» **Task to complete**:
An exact, picture-free copy of the listing is required.

» **Exercise data**:
▬▬▬▬▬▬▬▬▬▬

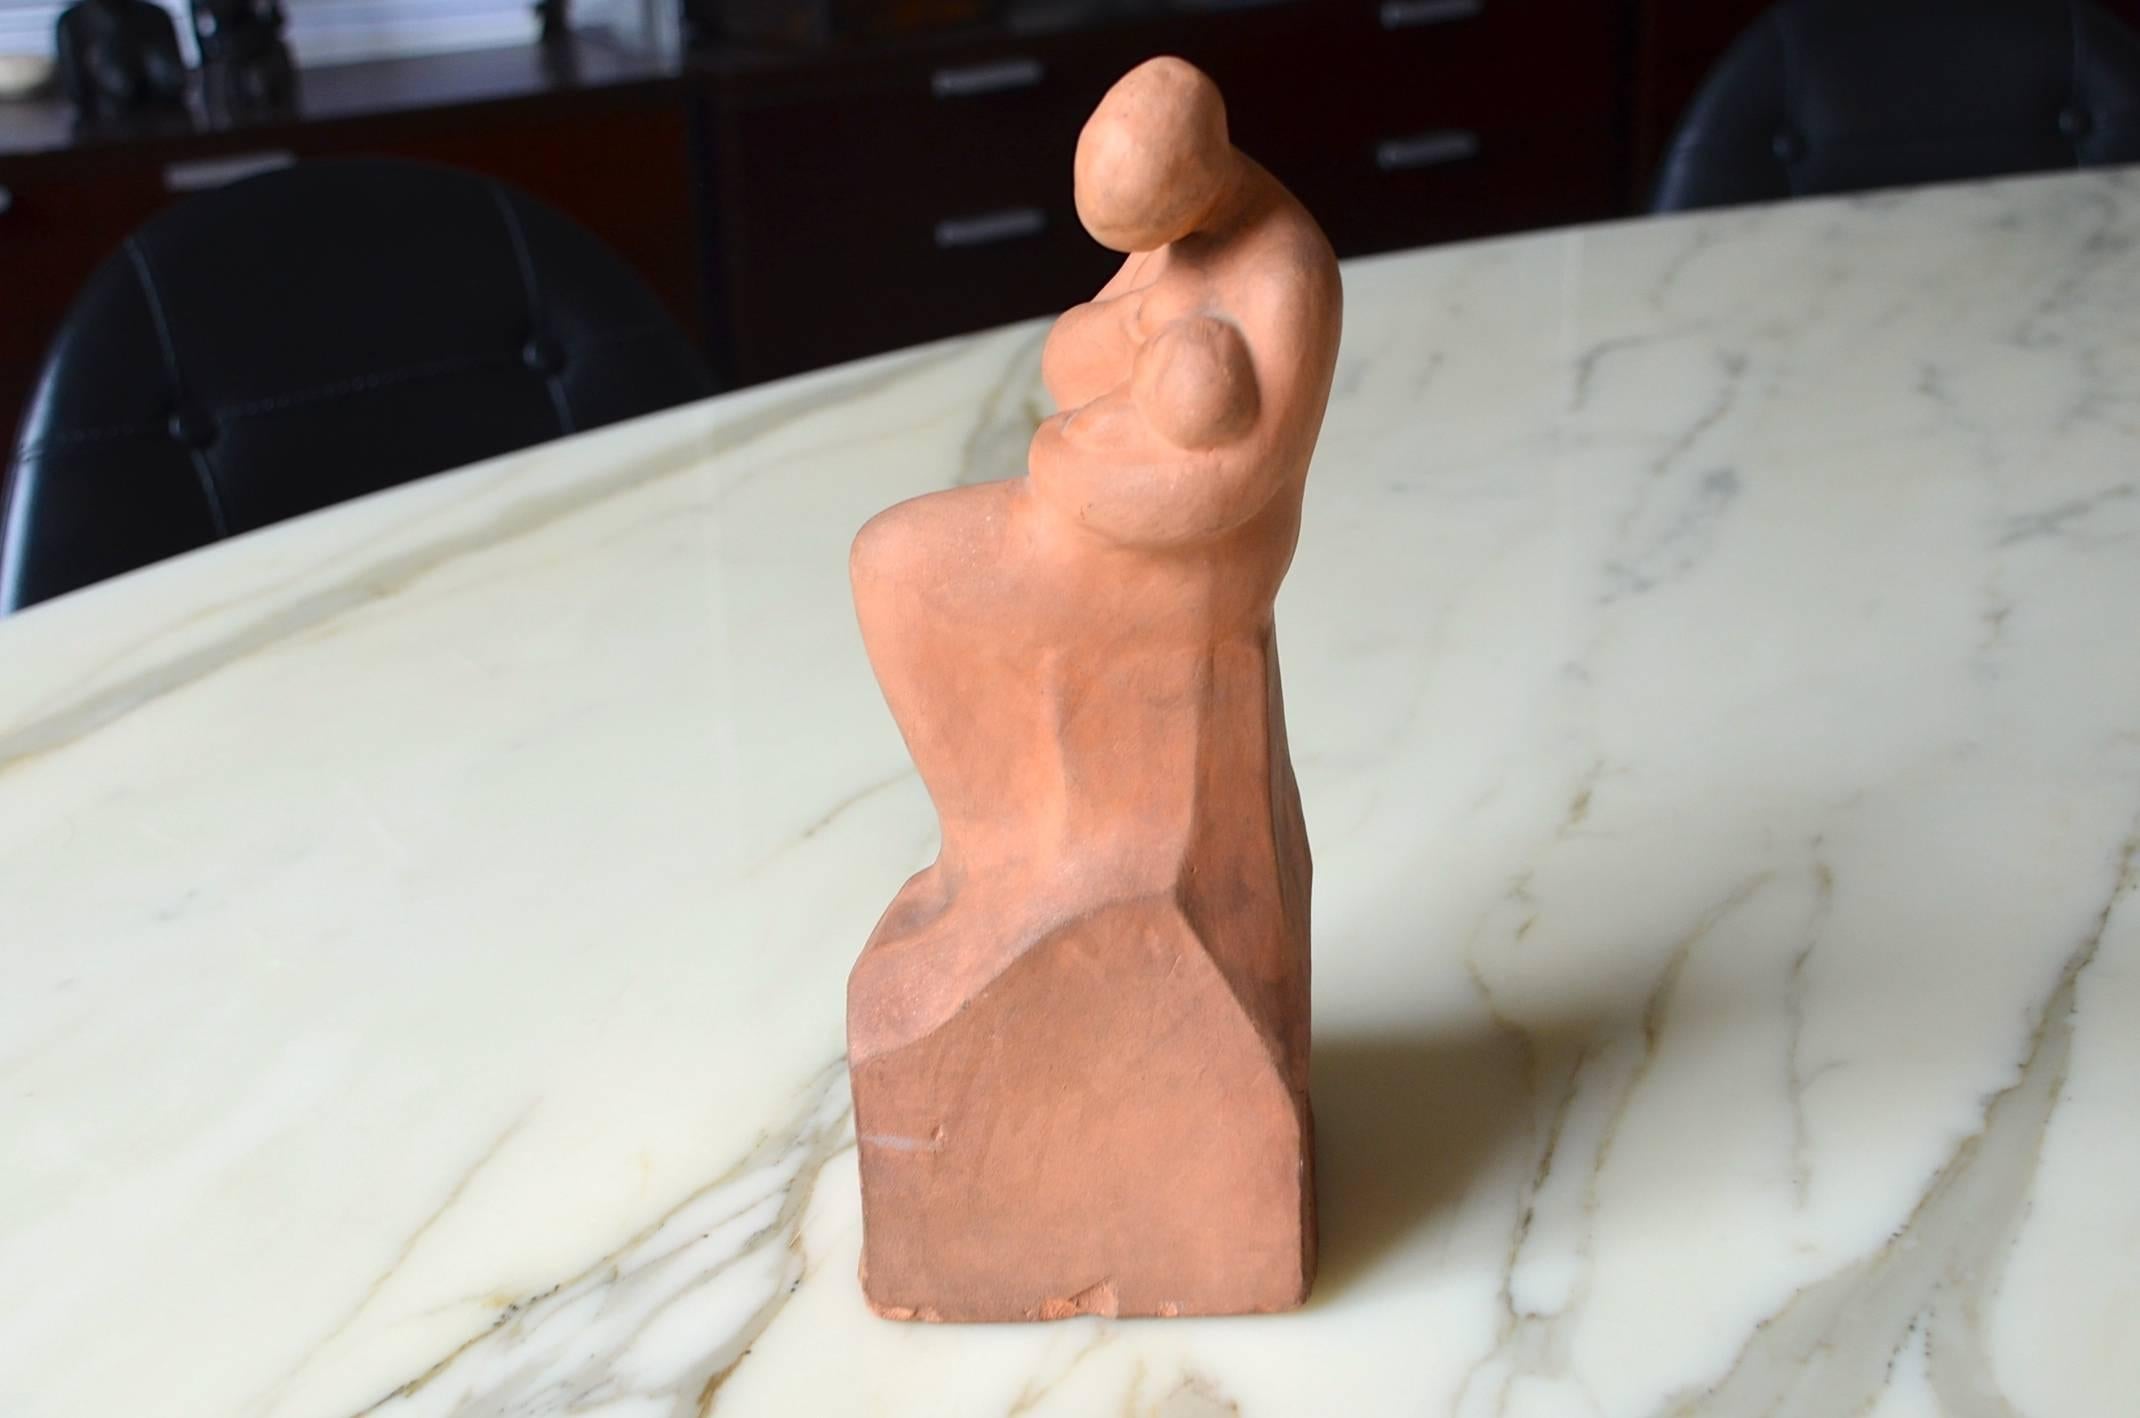 Wonderful Art Deco maternity sculpture of mother breast feeding her infant by Swiss sculptor Huguenin Dumittan (1888-1975).

Signed on the base and dated 1917. 

Very good conditions, small minor chips on the edge of the base (see photos).

▬▬▬▬▬▬▬▬▬▬

» **Response for this exercise**:
 Wonderful Art Deco maternity sculpture of mother breast feeding her infant by Swiss sculptor Huguenin Dumittan (1888-1975).

Signed on the base and dated 1917. 

Very good conditions, small minor chips on the edge of the base (see photos).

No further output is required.